Josiah Homer Blount (September 17, 1860 – December 15, 1938) was an American teacher, farmer, businessman, and fraternal order leader who was the first African-American to run for Governor of Arkansas.

==Early life and education==

Blount was born into slavery to farmers Madison Blount and Queen Victoria Isabella Lester Blount in Clinton, Georgia. Following Emancipation, Blount was educated in Macon, Georgia, public schools before attending Walden University.

Following his graduation in 1890, Blount relocated to Arkansas where he began a multi-decade career in education as a teacher, principal, and administrator for schools in Texarkana, Hot Springs, Helena, and Forrest City. In addition to being an educator, Blount was a successful farmer and brick maker, eventually managing a brick manufacturing plant in Forrest City.

==Community involvement==

During World War I, Blount was one of several Black leaders that participated in organizing local chapters of the Arkansas Colored Auxiliary Council of Defense (CACD), a state-level program of the Council of National Defense. Despite resistance and erasure from Arkansas state officials, CACD chapters raised funds, bought war stamps, encouraged food conservation, and sewed clothing for soldiers. The CACD was disbanded following the end of the war in late 1919.

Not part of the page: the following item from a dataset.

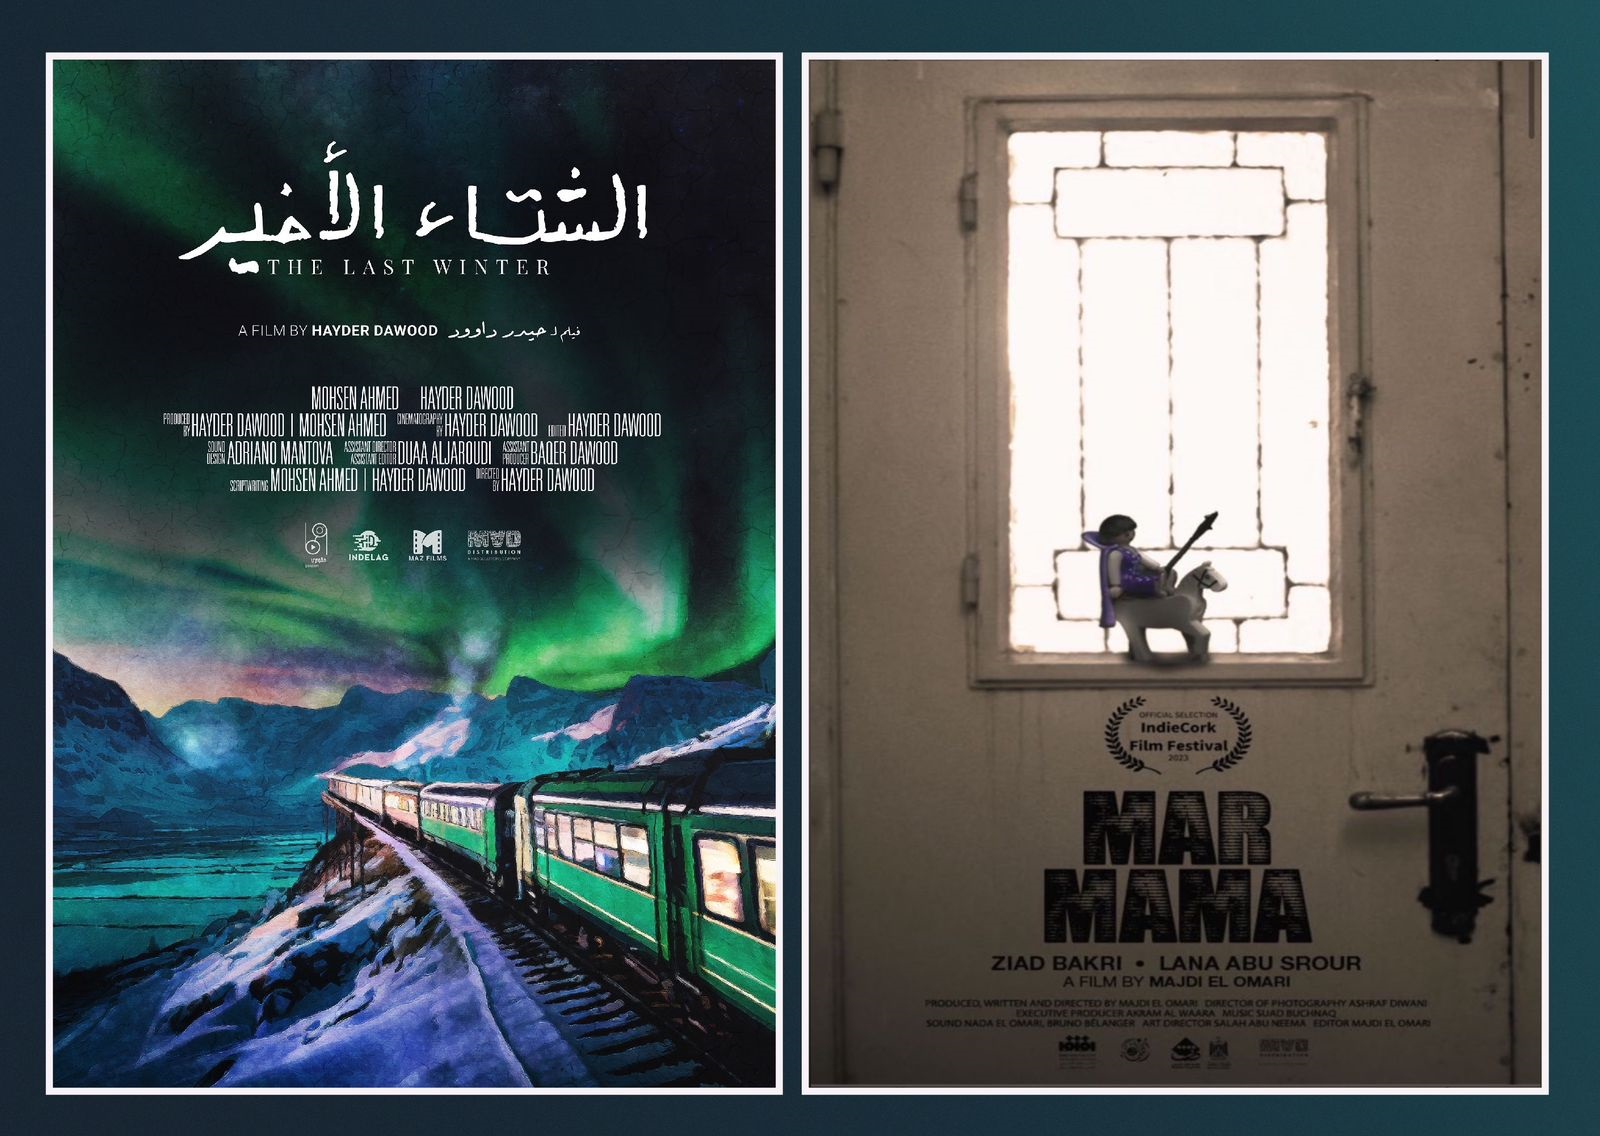 MAD Solutionsâ€™ MAR MAMA, THE LAST WINTER to feature at Ismailia Intâ€™l Film Festival

Blount was heavily involved with Mason organizations. He was one of 13 original founding members of the Ancient Egyptian Arabic Order of the Nobles of the Mystic Shrine, a Prince Hall Mason and served as the Deputy Grand Master of the Most Worshipful Sovereign Grand Lodge of Free and Accepted Masons of Arkansas for at least four years, and was a thirty-third-degree Scottish Rite Mason.

==Politics==
Following service as the chair of the St. Francis County Republican party, Blount put forward his name to run as the Republican nominee for the 1920 Arkansas gubernatorial election. A faction of Republican party politicians who aimed to exclude African Americans from party leadership, known as the "lily whites", prevented this effort by holding the state Republican Convention at the then-segregated Marion Hotel in April 1920. In response, Blount and his supporters (including other respected community leaders like Scipio Africanus Jones) walked out of the event. These men were part of the biracial coalition within the Republican party called the "Black and Tans" that had persisted since Reconstruction. They assembled at the headquarters of the Mosaic Templars of America to hold their own nominating convention and chose Blount as their candidate. The Arkansas secretary of state and later Ku Klux Klan member Thomas Jefferson Terral forced Blount to run as an independent rather than a Republican, and listed him as "negro" on the ballot.

The gubernatorial election was held on November 2, 1920. Democrat Thomas McRae won with 65 percent of the vote. The Republican lily-whites' chosen candidate Wallace Townsend came in second with 24 percent of the vote, and Blount won 15,627 votes, about 8 percent of the vote. Blount outmatched Townsend in fourteen counties, including populous Pulaski County, which contains the state capital of Little Rock.

==Personal life==

Blount married teacher Justina Almyra Payne in 1892. He died on December 15, 1938, and is buried at Purifoy Cemetery, also known as the Forrest City Cemetery or Forrest City Colored Cemetery.